What is needed here is an exact repetition of the records below, beginning at the line that has "Sopley Mill wedding" and stopping after the line that has "KME Self-Aligning Broadhead".

_INFORMATION GIVEN_:
Start of Block
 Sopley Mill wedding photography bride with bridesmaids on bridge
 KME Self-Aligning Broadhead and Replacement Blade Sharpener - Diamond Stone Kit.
End of Block
Start of Block
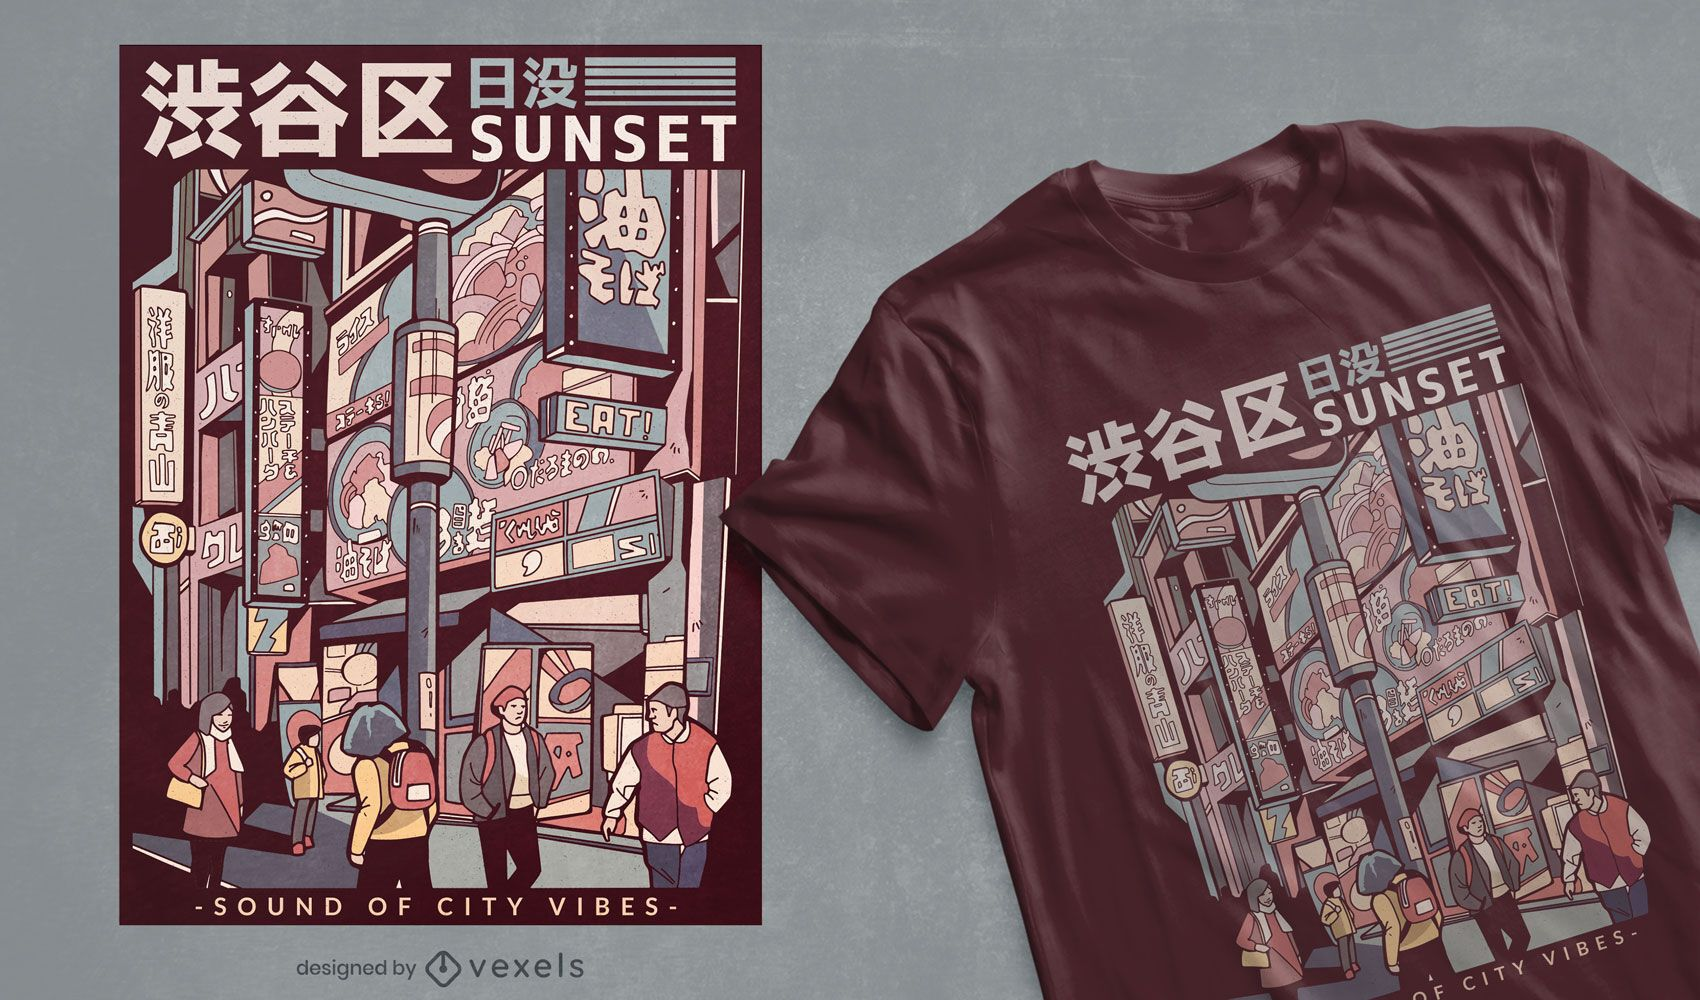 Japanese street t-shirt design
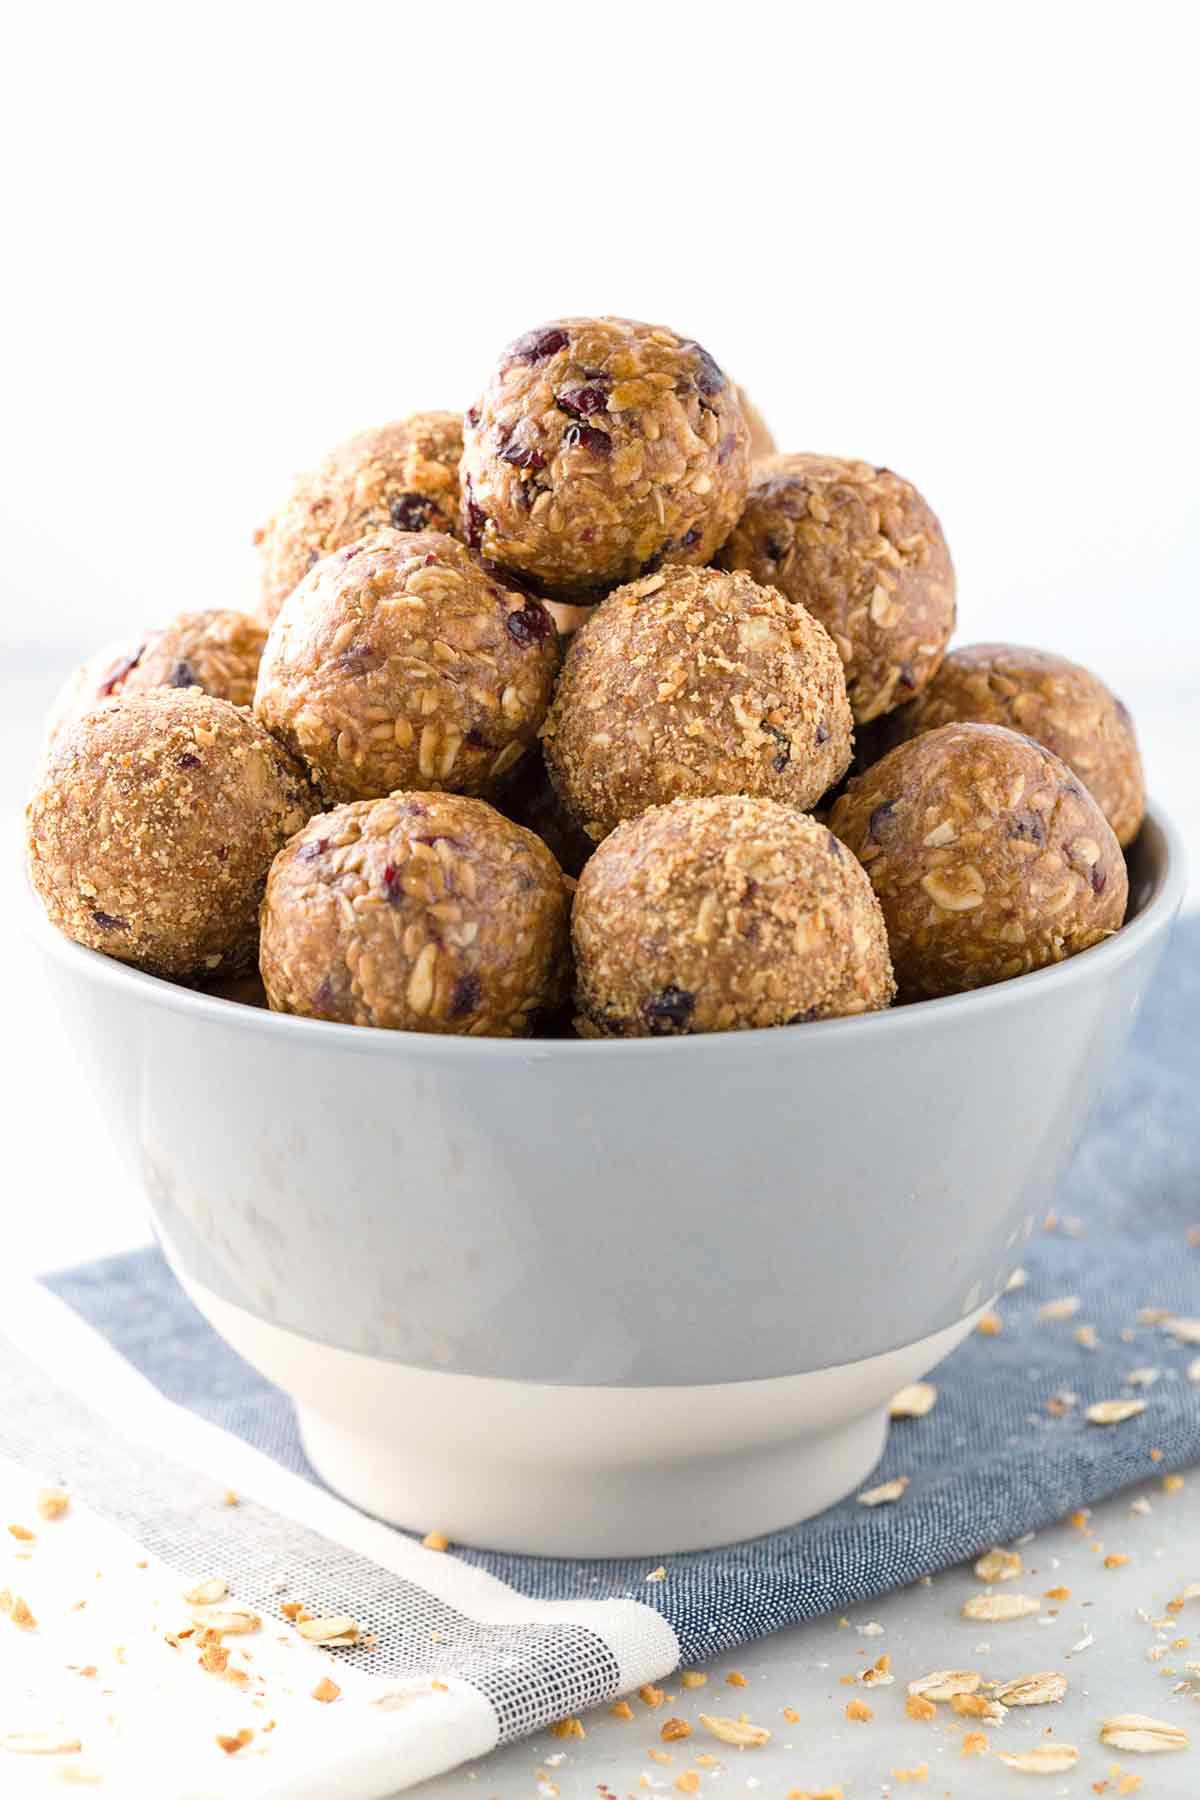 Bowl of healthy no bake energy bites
End of Block
_REPLY_:
 Sopley Mill wedding photography bride with bridesmaids on bridge
 KME Self-Aligning Broadhead and Replacement Blade Sharpener - Diamond Stone Kit.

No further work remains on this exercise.